# mettre un doigt dans l'eau



## StaSara

*mettre un doigt dans l'eau* 
 			 			 		  		 		 			 			La phrase complète est :"M. X tâtonnait, *mettait un doigt dans l'eau*, voyait des adversaires et partout des pièges à déjouer".... 
Elle est tiré d'une BD "l'obéissance" qui qui se déroule pendant la guerre mondiale. 
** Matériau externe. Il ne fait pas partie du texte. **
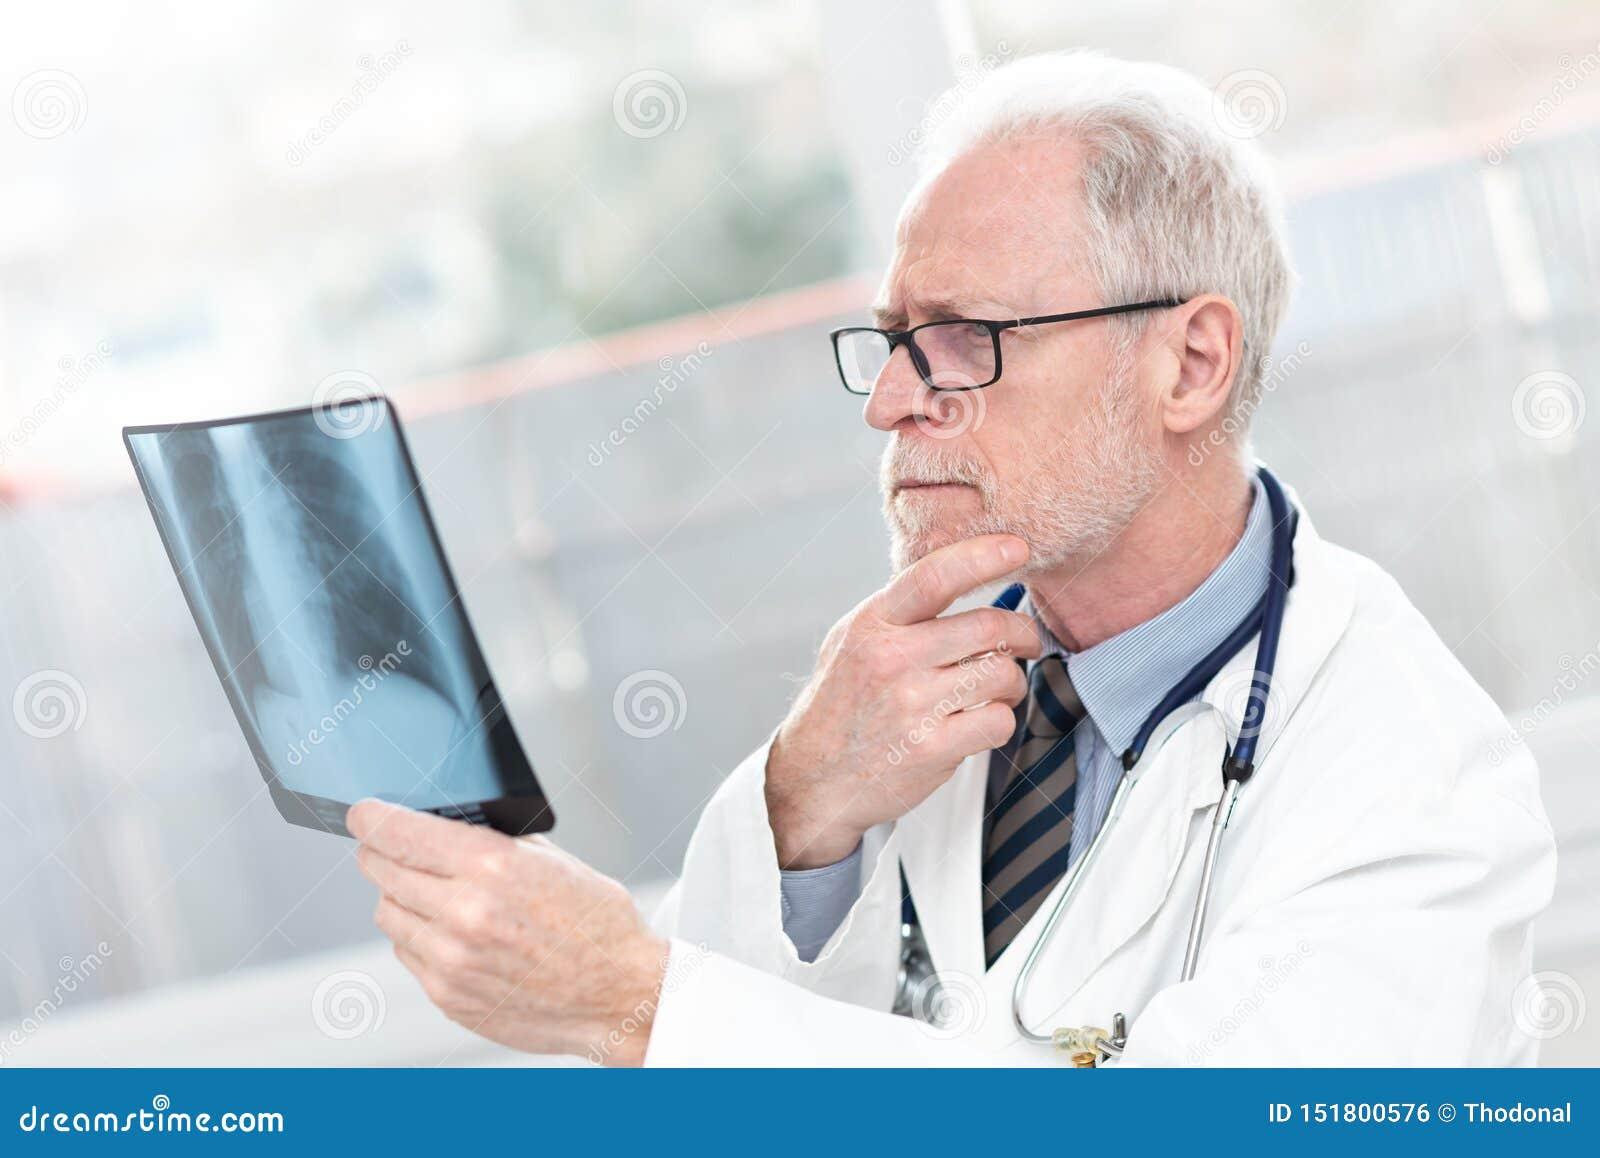 Senior doctor looking at x-ray
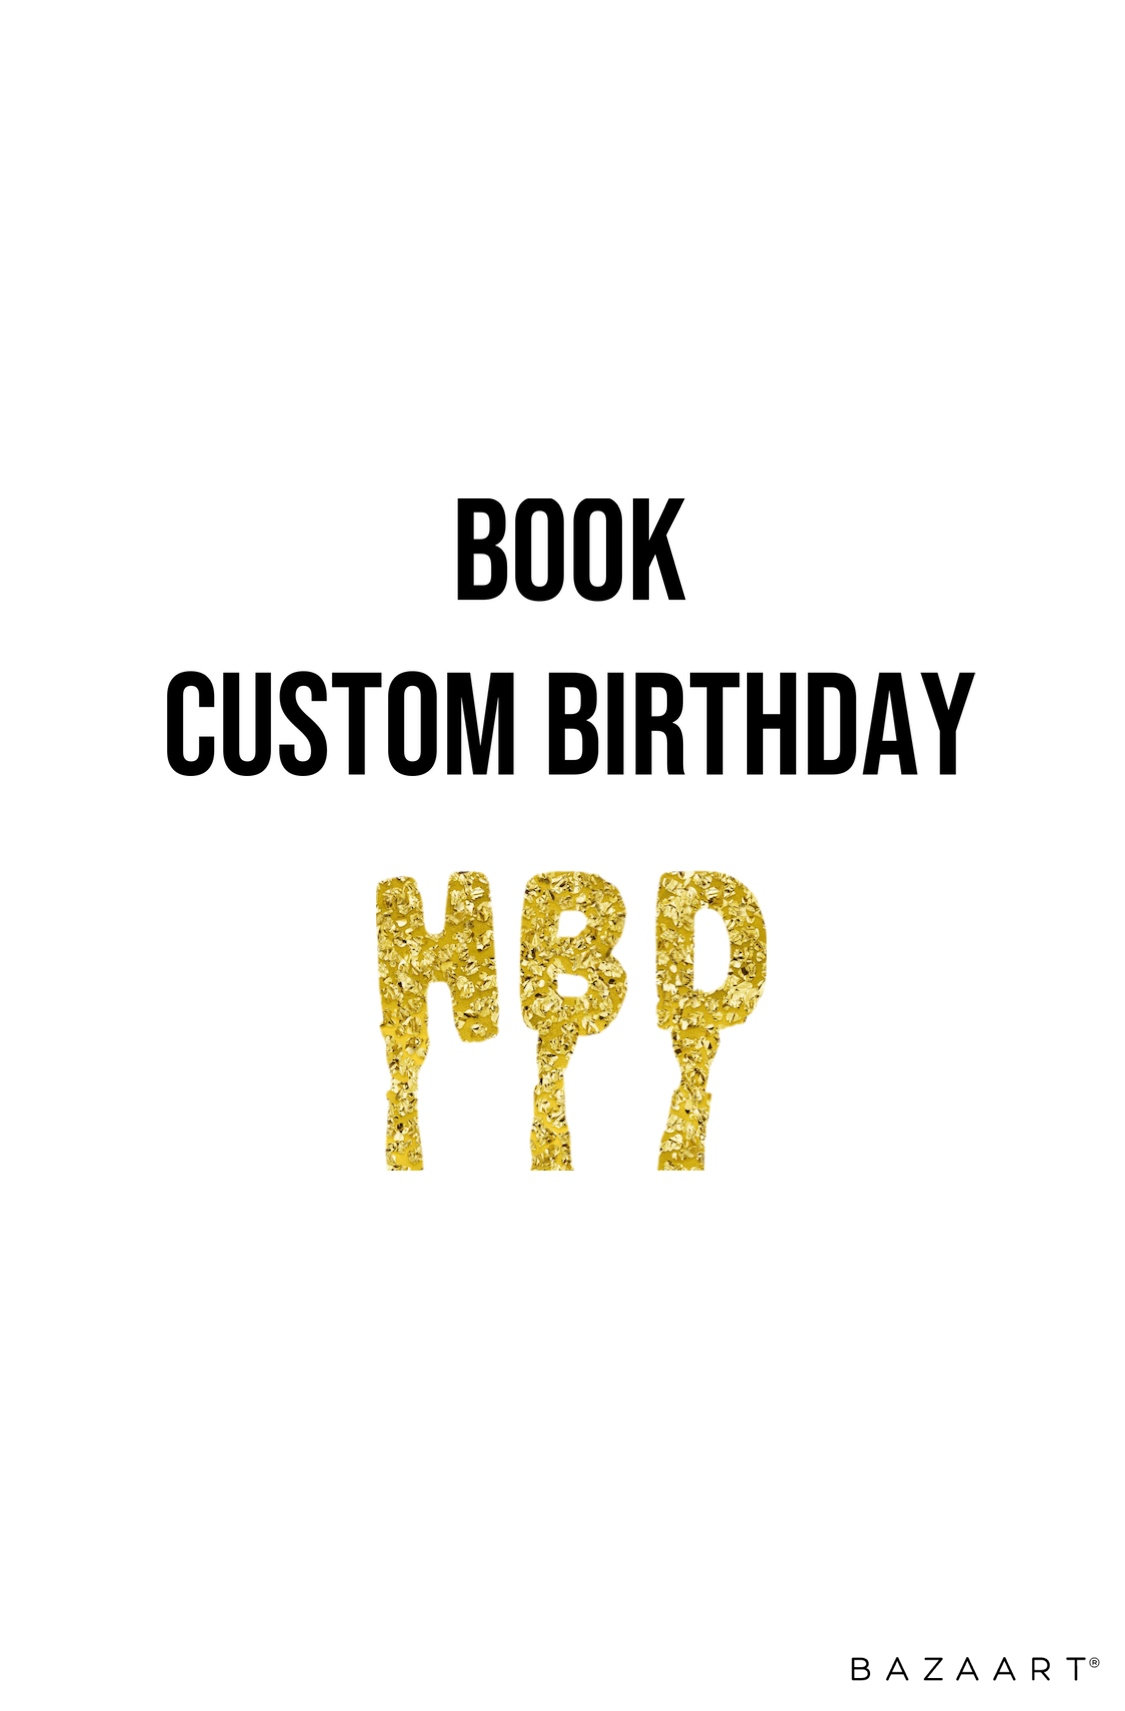 Custom Birthday Outfit Consultation

En réalité il faut que je traduise cette expression en italien alors si quelqu'un d'entre vous parle italien ça serait parfait!! 
Mais j'aimerait du moins comprendre la signification!

Merci d'avance à tous

Sara


----------



## Corsicum

_Intingere __il dito nell*'*acqua._
Pour une partie de la traduction voir la traduction de la bible (que je ne connais pas malgré les apparences) : 
_Parabola di Lazzaro e il ricco Epulone_
_Padre Abramo, abbi pietà di me e manda Lazzaro a intingere nell'acqua la punta del dito…_
http://it.wikipedia.org/wiki/Parabola_di_Lazzaro_e_il_ricco_Epulone

_Abraham mon père ayez pitié de moi et envoyez Lazare afin qu'il trempe l'extrémité de son doigt dans l'eau, ._


----------



## StaSara

_"Intingere __il dito nell*'*acqua."

_Merci, une traduction mot à mot j'aurais su la faire...
Je me demandais s'il s'agissait d'une expression particulière française mais meme les Français autour de moi ne la connaissent pas..
Je ne vois pas le sens ici, dans ce contexte.


----------



## itka

*Peut-être*, mais il faudrait plus de contexte pour le savoir, ça pourrait signifier : "il tâte l'eau du bout du doigt" "il fait un essai pour voir si elle est trop chaude ou trop froide"... comme on peut faire avant de prendre un bain, par prudence, pour ne pas se brûler ou se geler... Ici, ça *peut* vouloir dire : "il examine prudemment la situation avant de _se mouiller"_ (= se décider à plonger dans l'action).

C'est difficile à dire. Non, l'expression n'est pas idiomatique, c'est une phrase que l'auteur a choisi d'écrire, mais pour évoquer quoi exactement, je ne sais pas et je trouve l'image assez bizarre.


----------



## Corsicum

StaSara said:


> _"Intingere __il dito nell*'*acqua."_
> 
> Merci, une traduction mot à mot j'aurais su la faire...
> Je me demandais s'il s'agissait d'une expression particulière française mais meme les Français autour de moi ne la connaissent pas..
> Je ne vois pas le sens ici, dans ce contexte.


Simples avis :

La traduction : Le fait que la phrase fasse allusion à la bible implique quasiment une traduction littérale, on a pas le choix compte tenu de toute la symbolique connue dans toutes les langues. La traduction littérale mot à mot devient une obligation et non une facilité. 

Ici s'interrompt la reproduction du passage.